Raw data ->

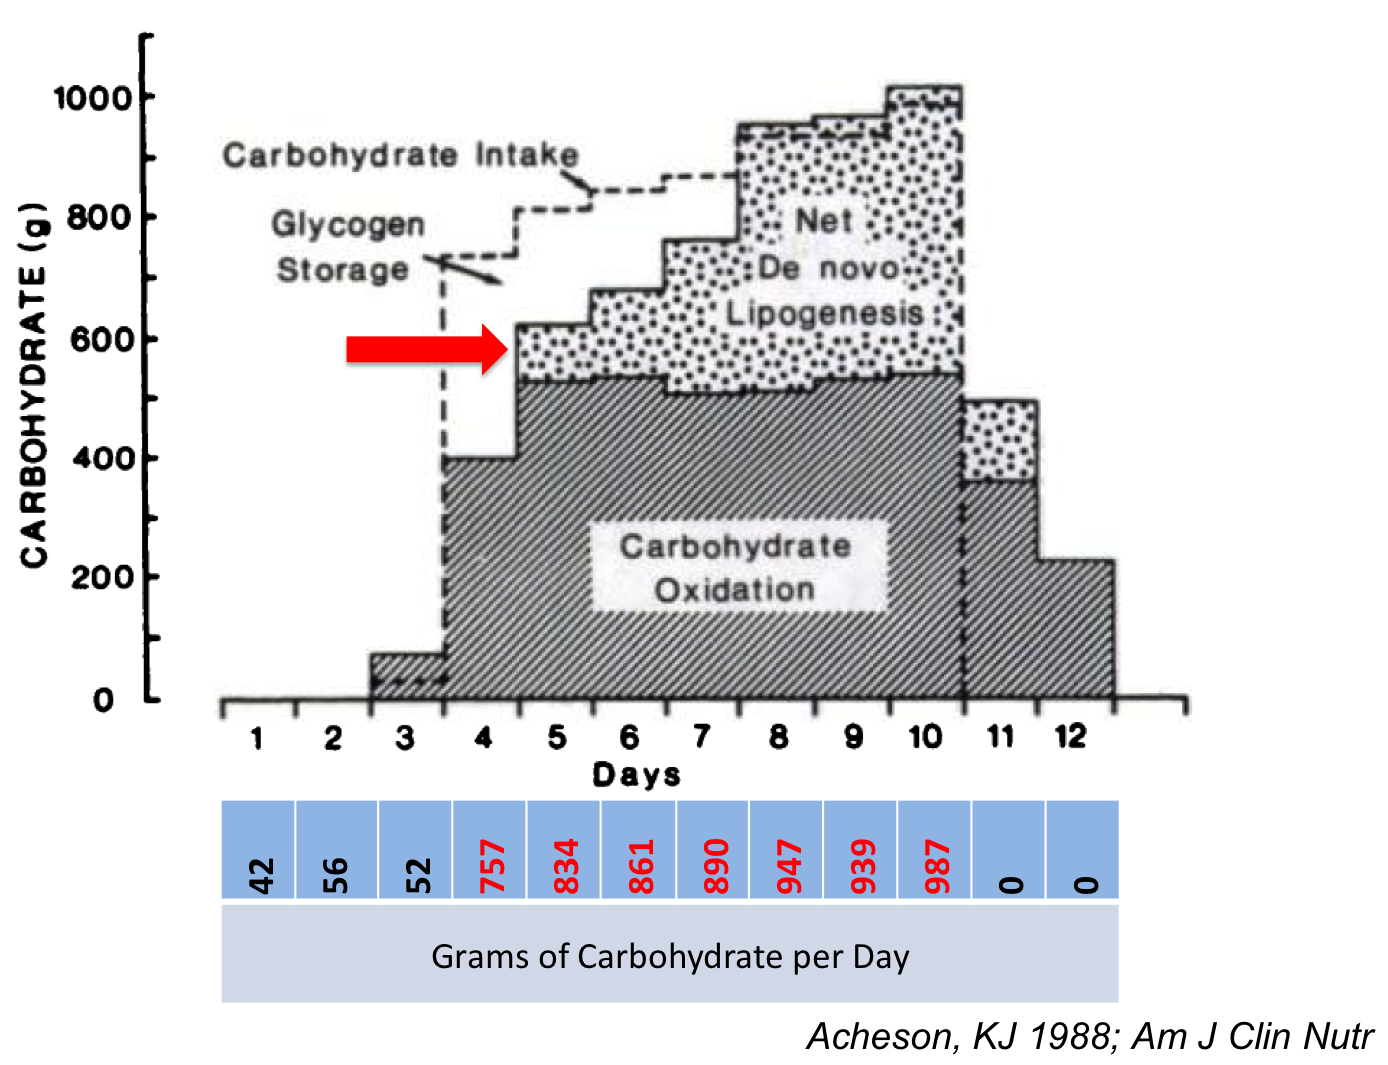 The effect of eating massive amounts of carbohydrate on fat (lipogenesis) and carbohydrate/glycogen storage
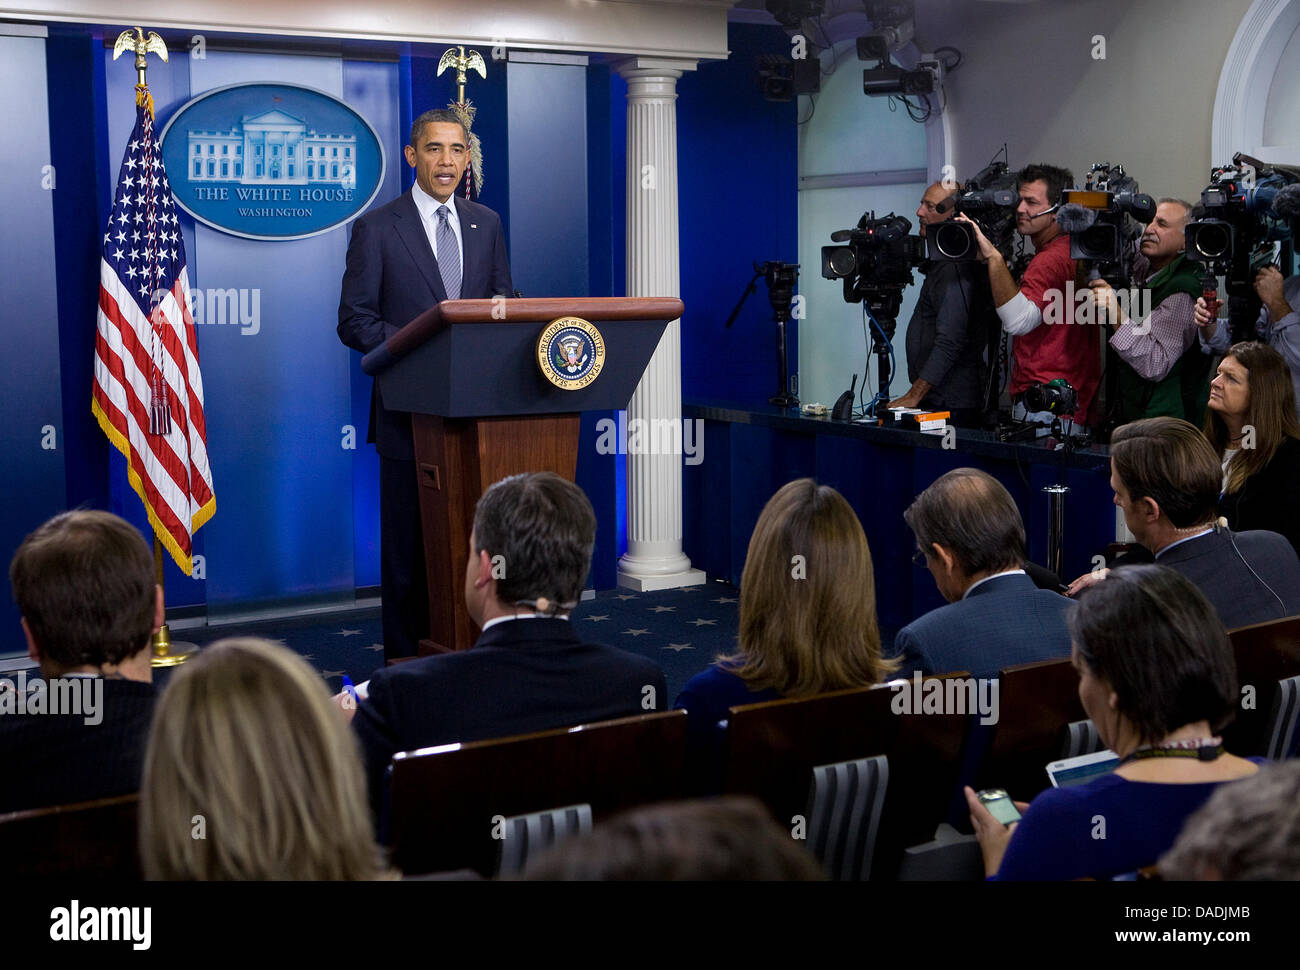 United States President Barack Obama visits the White House Press Briefing Room in Washington, D.C. to announce the official end of the Iraq War on Friday, October 21, 2011. The President said that all American forces will return to the United States by the end of the year and the US will begin normalized relations with Iraq..Credit: Kristoffer Tripplaar / Pool via CNP Stock Photo
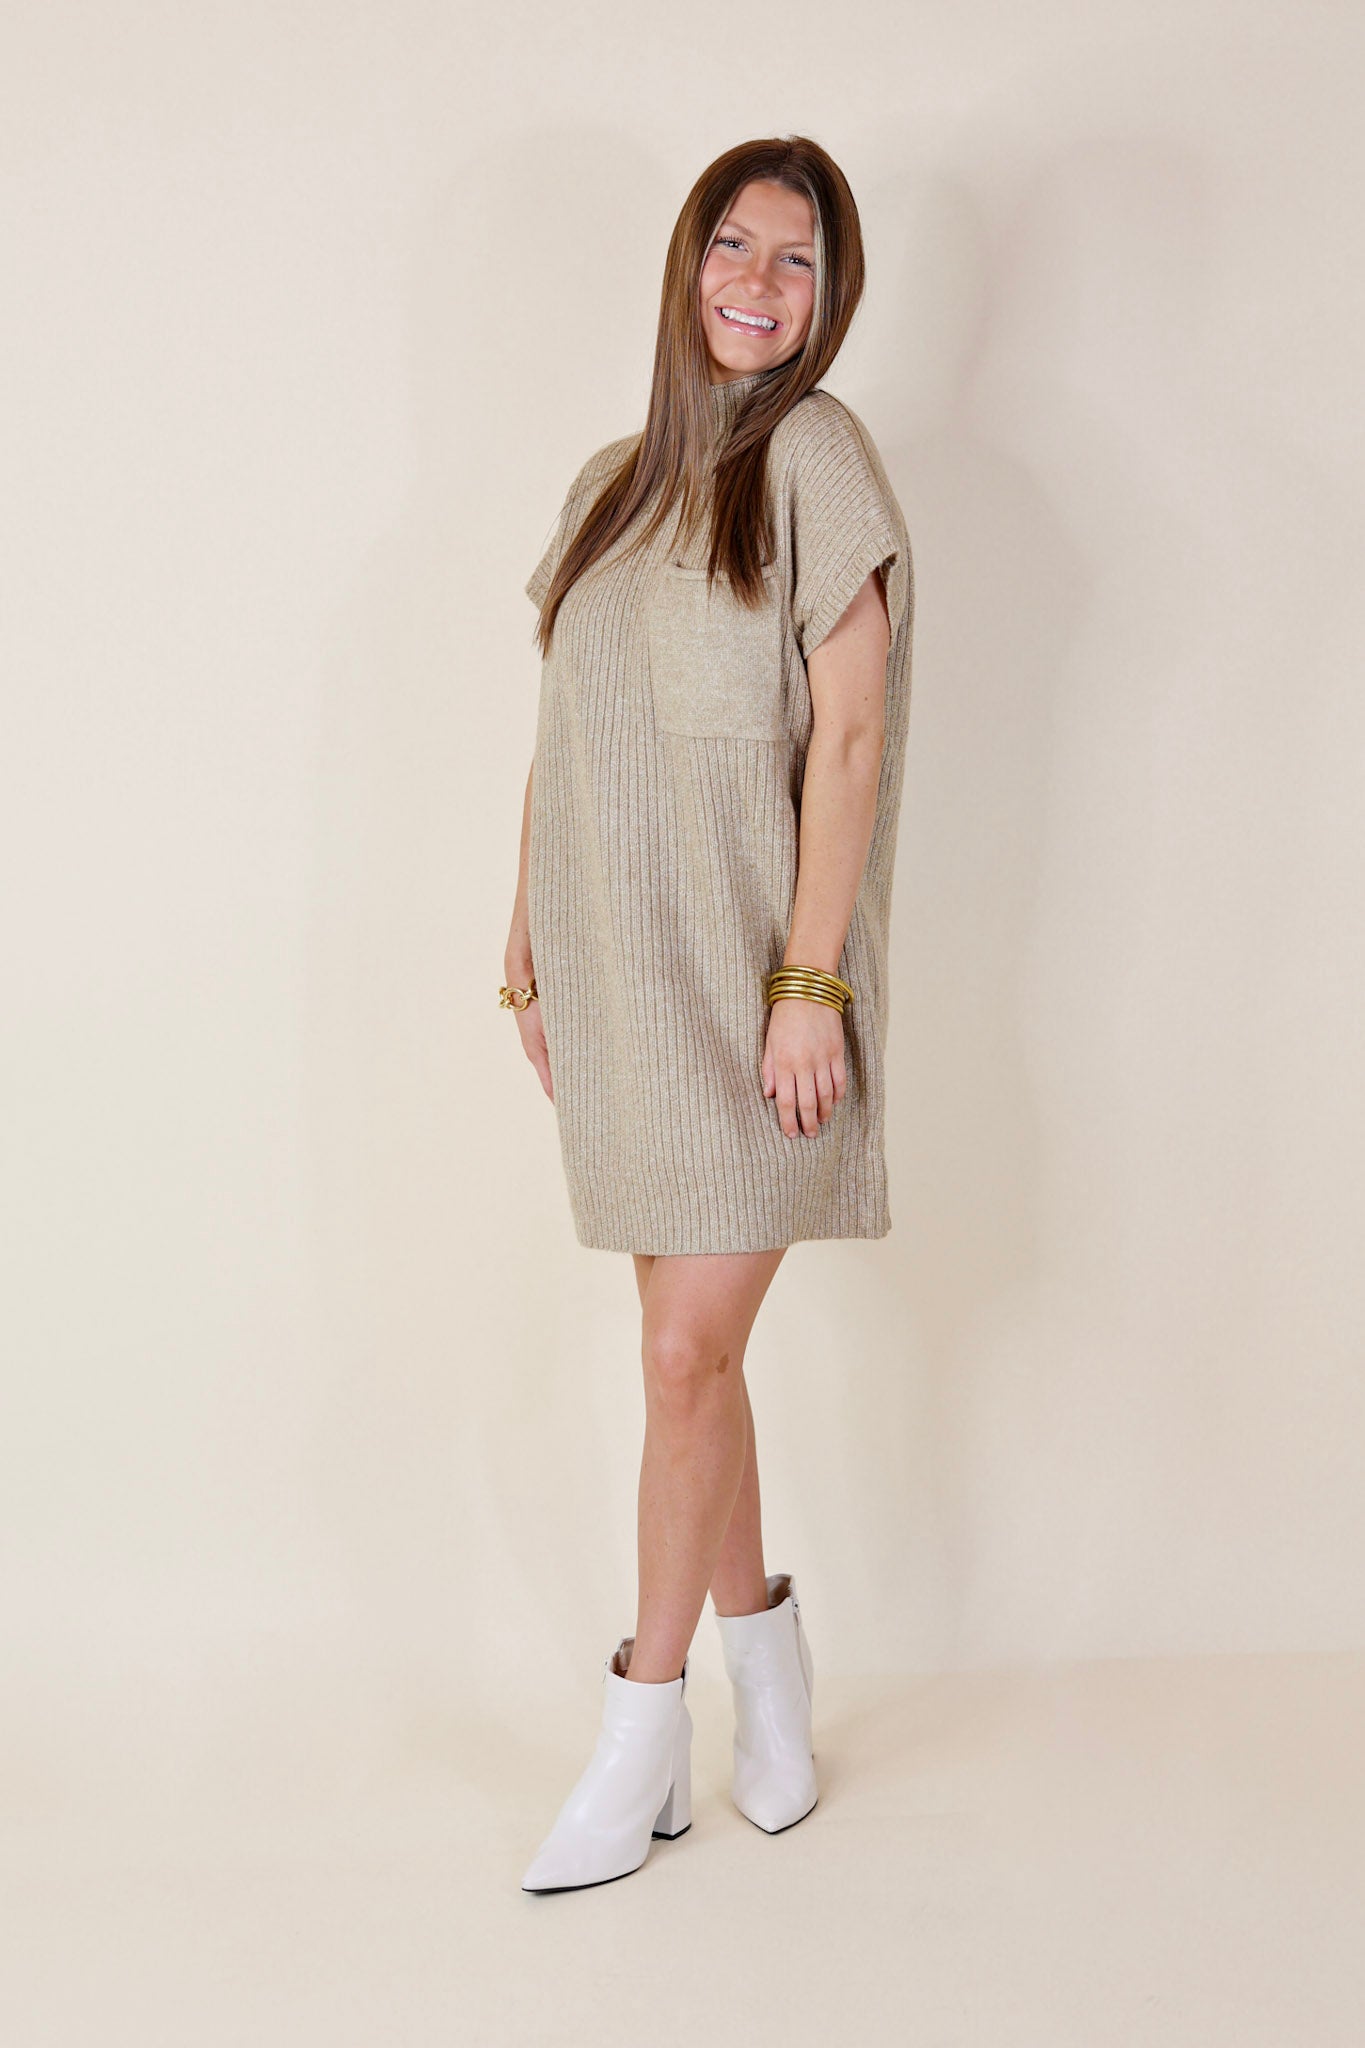 City Sights Cap Sleeve Sweater Dress in Oatmeal Beige - Giddy Up Glamour Boutique

Your task ->
What you return should match the material line for line, with the images removed.

Task response ->
 The effect of eating massive amounts of carbohydrate on fat (lipogenesis) and carbohydrate/glycogen storage
 United States President Barack Obama visits the White House Press Briefing Room in Washington, D.C. to announce the official end of the Iraq War on Friday, October 21, 2011. The President said that all American forces will return to the United States by the end of the year and the US will begin normalized relations with Iraq..Credit: Kristoffer Tripplaar / Pool via CNP Stock Photo
 City Sights Cap Sleeve Sweater Dress in Oatmeal Beige - Giddy Up Glamour Boutique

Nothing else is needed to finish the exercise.